Thomas Neubert

Personal information
- Date of birth: 14 November 1980 (age 44)
- Place of birth: Cottbus, East Germany
- Height: 1.63 m (5 ft 4 in)
- Position(s): Striker

Youth career
- 0000–2000: BSG Tiefbau Cottbus

Senior career*
- Years: Team / Apps / (Gls)
- 2000–2001: Energie Cottbus II / 30 / (9)
- 2000–2001: Energie Cottbus / 0 / (0)
- 2001–2006: Dynamo Dresden / 98 / (23)
- 2006–2007: Holstein Kiel / 16 / (0)
- 2007–2008: Wacker Burghausen / 8 / (1)
- 2008–2011: Hallescher FC / 101 / (26)
- 2011: SC Borea Dresden / 0 / (0)
- 2011–2013: Radebeuler BC
- Total:  / 253 / (59)

= Thomas Neubert =

German footballer

Thomas Neubert (born 14 November 1980) is a German former footballer.

==Career==

A tall, powerful centre-forward, Neubert began his professional career with his hometown club, Energie Cottbus, and was promoted to the first-team squad in 2000. After one season in the Bundesliga, in which he didn't make a first-team appearance, he signed for Dynamo Dresden, of the NOFV-Oberliga Süd. At Dynamo he became a regular in the first-team, partnering Denis Koslov up front as the club won the title, and promotion to the Regionalliga Nord. The following season he was the team's top scorer, and the year after that he helped the club earn promotion to the 2. Bundesliga, although he missed the end of the season because of an injury suffered against Hamburger SV II in March 2004.

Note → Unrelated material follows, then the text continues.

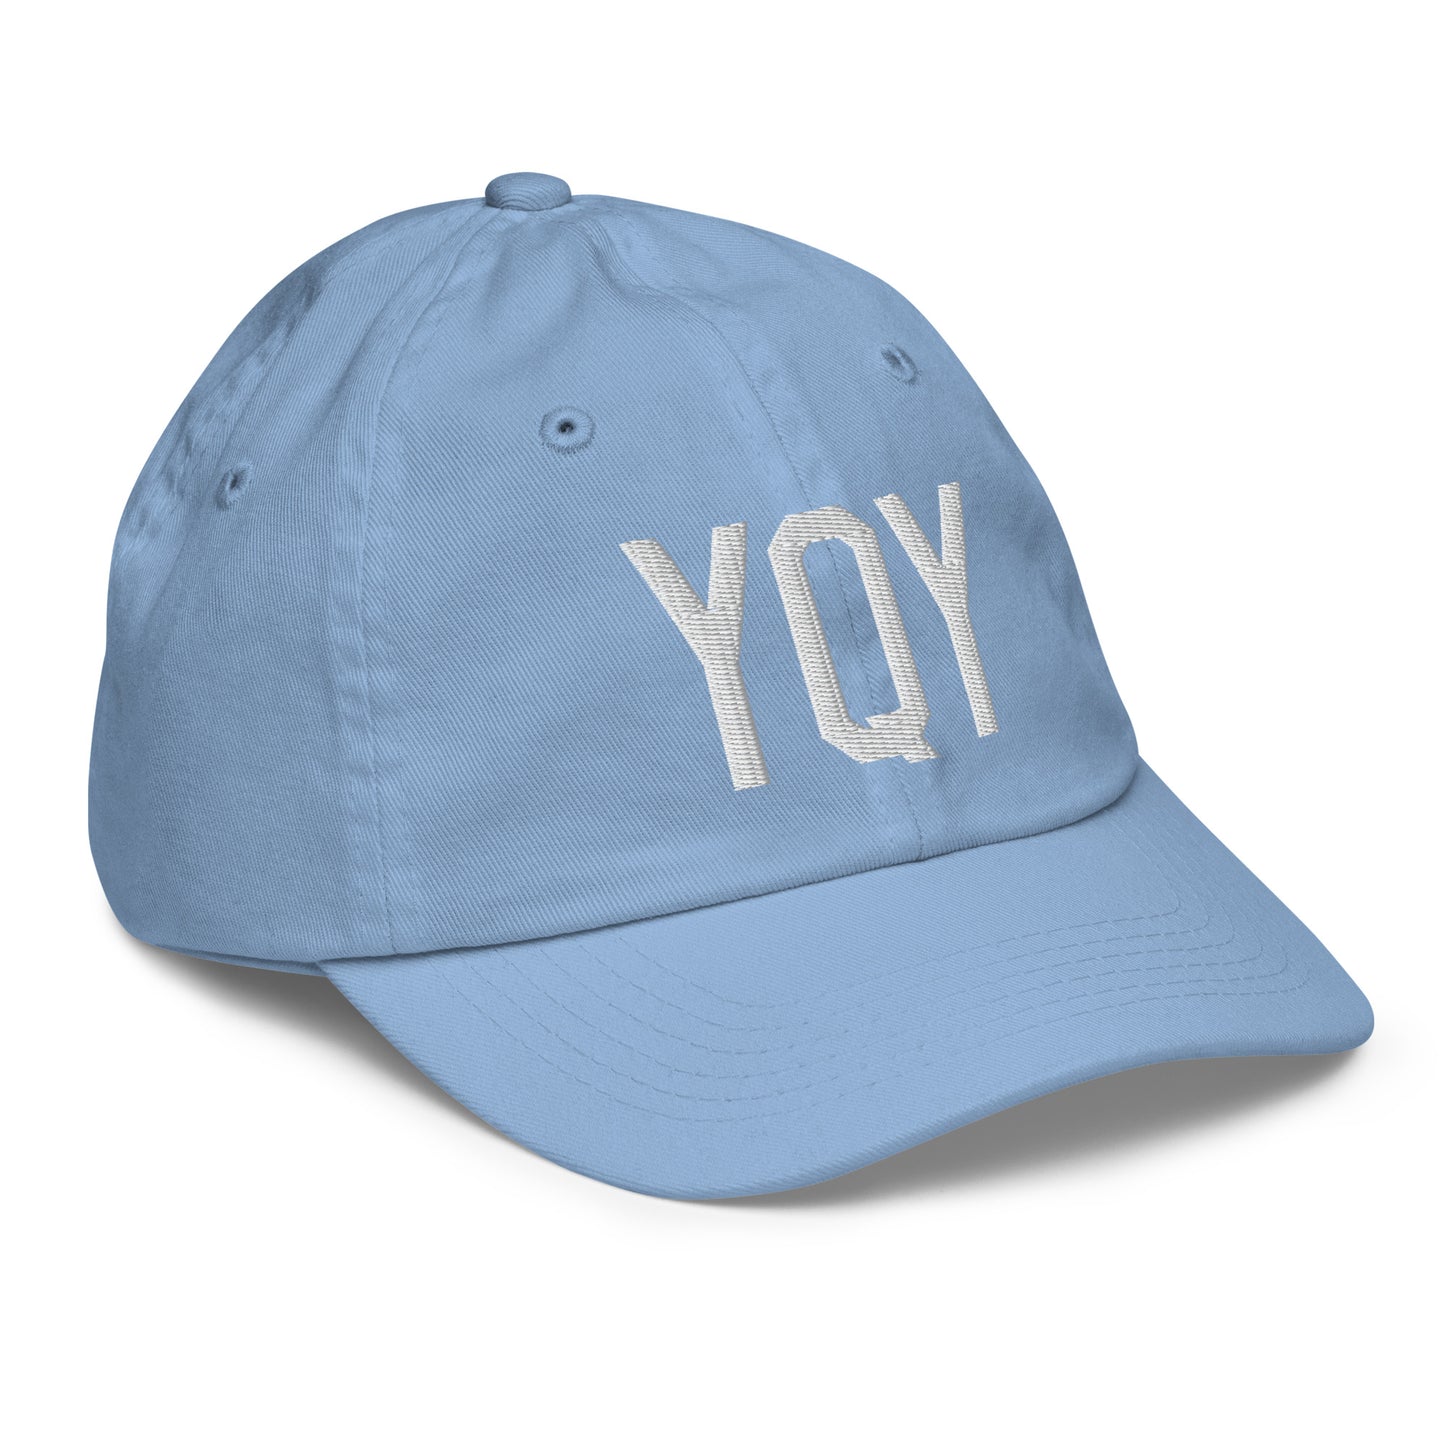 Airport Code Kid's Baseball Cap - White • YQY Sydney • YHM Designs - Image 23

That same injury restricted Neubert to just eight appearances in Dynamo's two seasons at the second tier, and in 2006, with the club relegated, he was released. He spent an unsuccessful season with Holstein Kiel, before moving to the other end of the country for a six-month spell at SV Wacker Burghausen. In January 2008, Neubert signed for Hallescher FC, where he was reunited with former Dynamo Dresden assistant manager Sven Köhler, and helped the club win the NOFV-Oberliga title. He spent three years playing for HFC in the Regionalliga Nord before leaving in 2011, to return to Dresden and sign for SC Borea. Borea withdrew their Oberliga team in September 2011, leaving Neubert without a club. He signed for Radebeuler BC a couple of weeks later. At the end of the 2012–13 season, Neubert left Radebeuler BC to take a break form football.